It is a positive step to embrace accountability and measurement, but it may be a huge waste of capability and talent to become slaves to numbers and the analytic models that drive them. As marketers and strategist we need to make judicious choices, based on our knowledge of the past and develop robust processes to shape the future of consumer experiences through brands. As such the fundamental task of how to measure success is upon the strategist. Thus the important element of planning is what to measure? why to measure? and how to measure?
This morning's article in MediaPost - Marketing Accountability: The Long And Short Of It, on our sudden fascination with measures and accountability in Marketing and the long versus short term implications of on Equity & Brand health addresses some for the pitfalls. Some nuggets from the article are listed.

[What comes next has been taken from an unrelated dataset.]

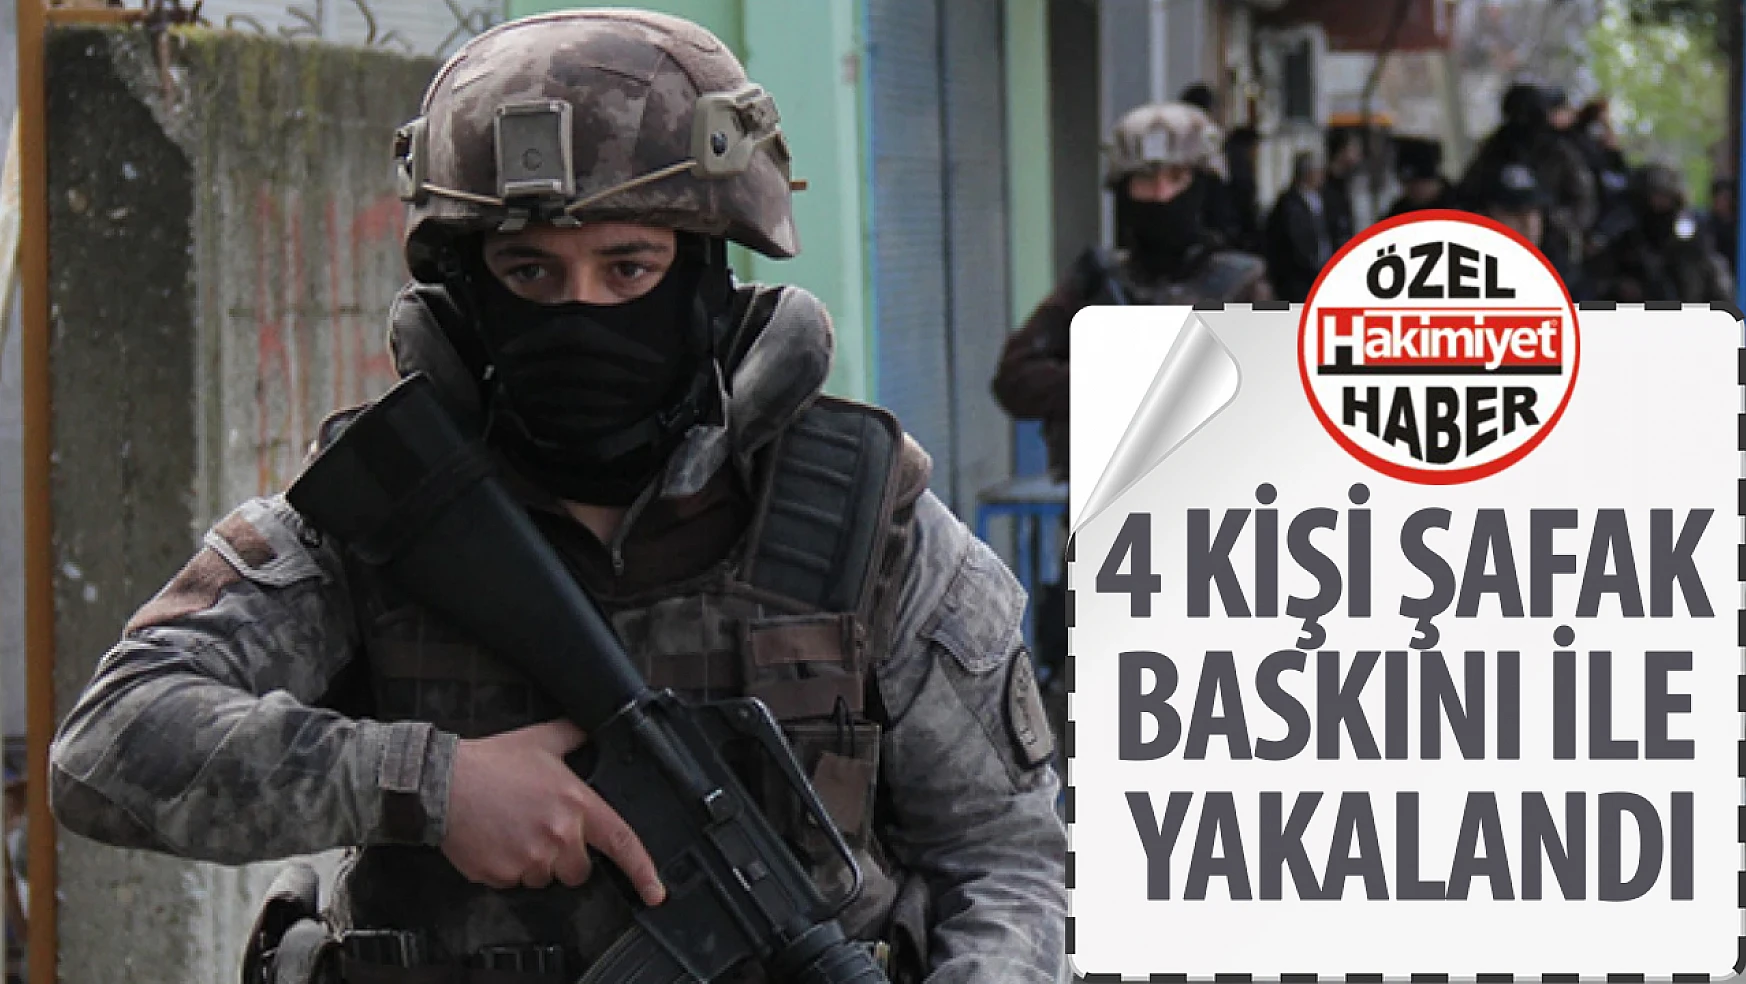 Konya'da terör operasyonu 4 kişi şafak baskını ile yakalandı

So how are we supposed to use ROI effectively?
- Balance short-term ROI with long term brand equity. And by short-term, we mean within a year and by long-term we mean three years out. A marketing plan requires striking a healthy balance between tactics that yield a high short-term ROI, and those that are essential to driving sales in the long term.
- No long-term gains without short-term. If your advertising doesn't work in the short-term it won't have a long-term impact. Bad advertising fails at the starting gate. But good advertising carries over into the future.
- Understand your audience. Don't put the cart before the horse. Researching how you spend your dollars is effective only after you know whom you should be talking to and what you should be communicating.